**Data for analysis:**
=== Section Start ===
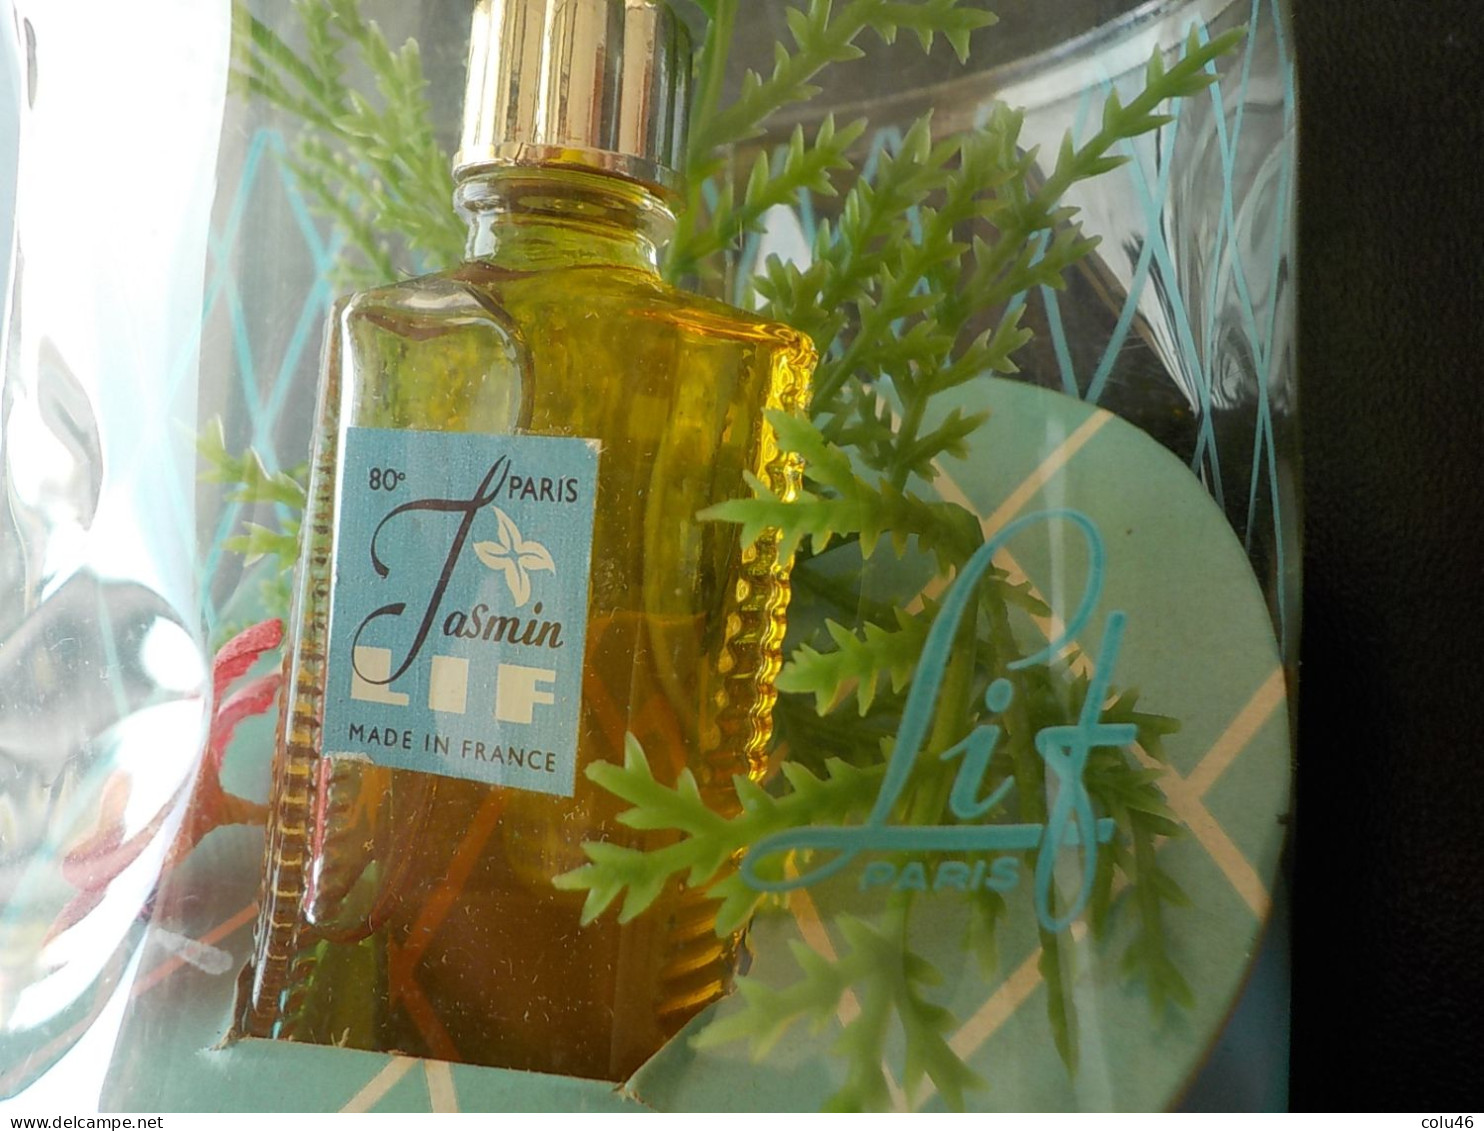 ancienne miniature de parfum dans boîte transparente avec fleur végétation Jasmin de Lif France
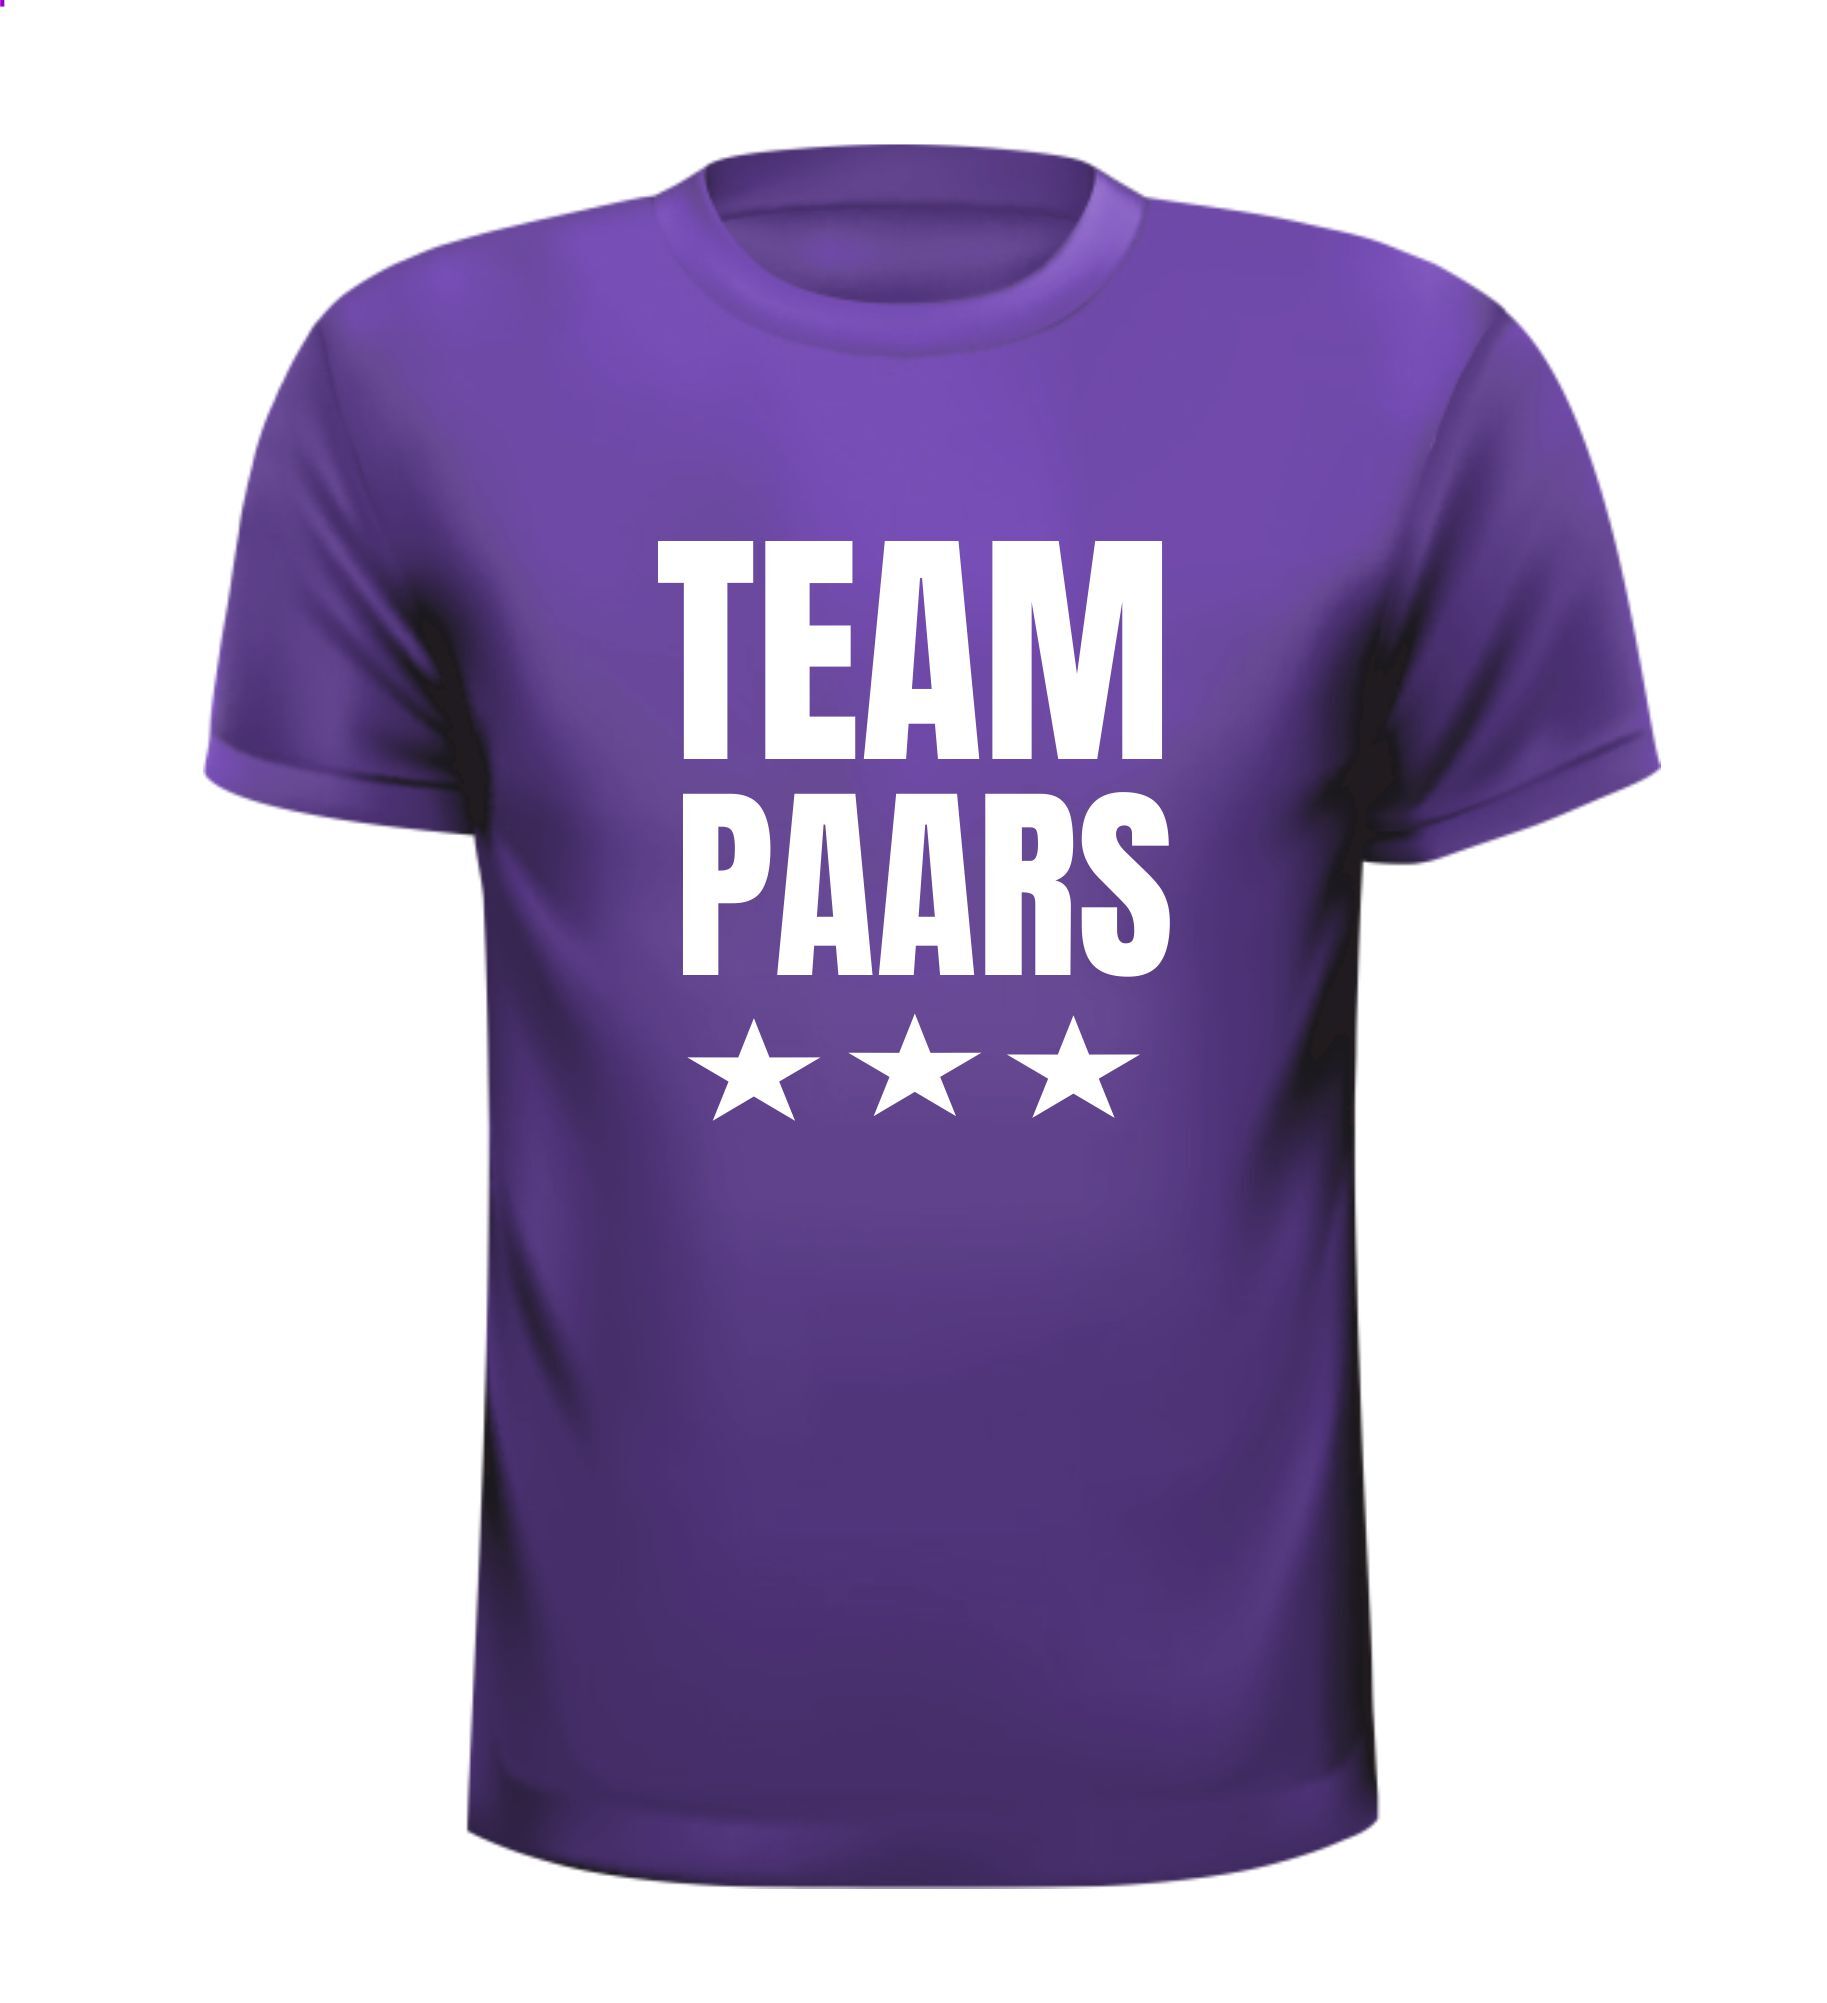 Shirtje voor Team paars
=== Section End ===
=== Section Start ===
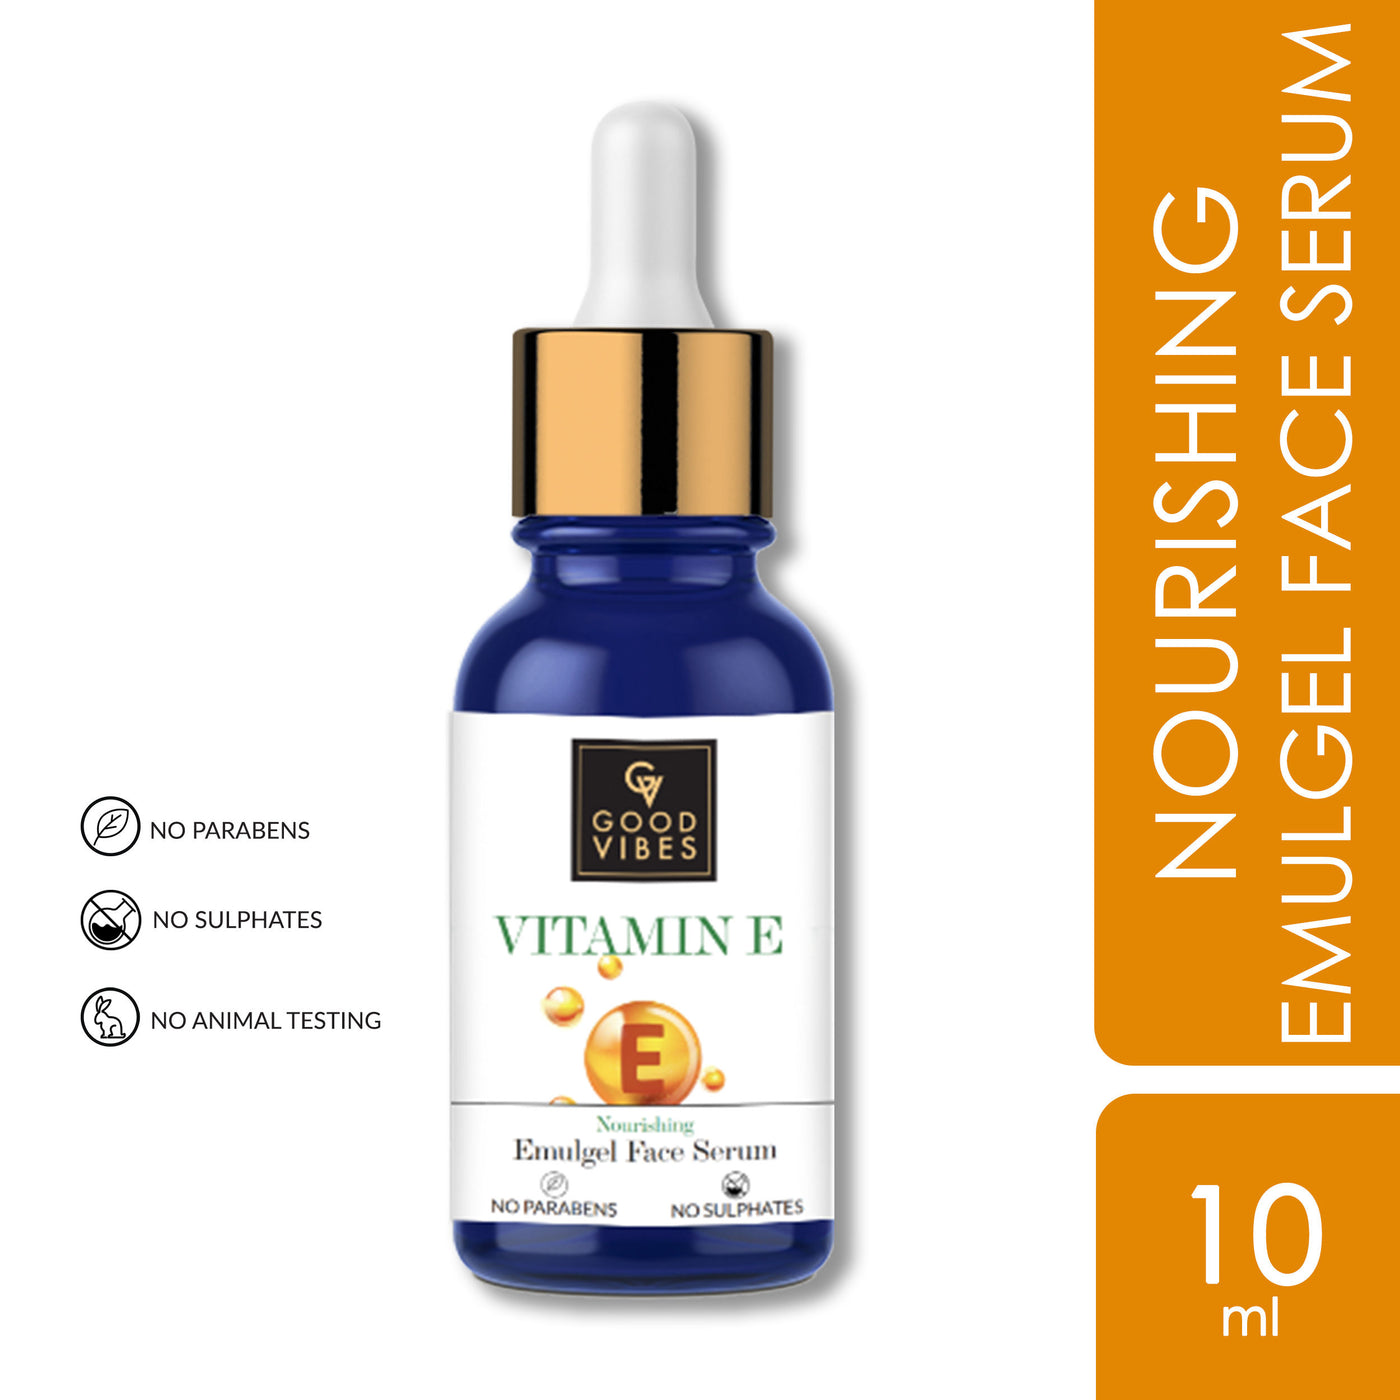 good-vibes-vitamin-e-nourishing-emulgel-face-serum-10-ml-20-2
=== Section End ===
=== Section Start ===
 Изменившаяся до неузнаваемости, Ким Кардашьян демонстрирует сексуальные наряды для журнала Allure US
=== Section End ===
**Your objective:** Above are records; write out the lines from the one with "ancienne miniature de" down to the one with "Shirtje voor Team paars", exactly, leaving the pictures out.

**Output for this task:**
 ancienne miniature de parfum dans boîte transparente avec fleur végétation Jasmin de Lif France
 Shirtje voor Team paars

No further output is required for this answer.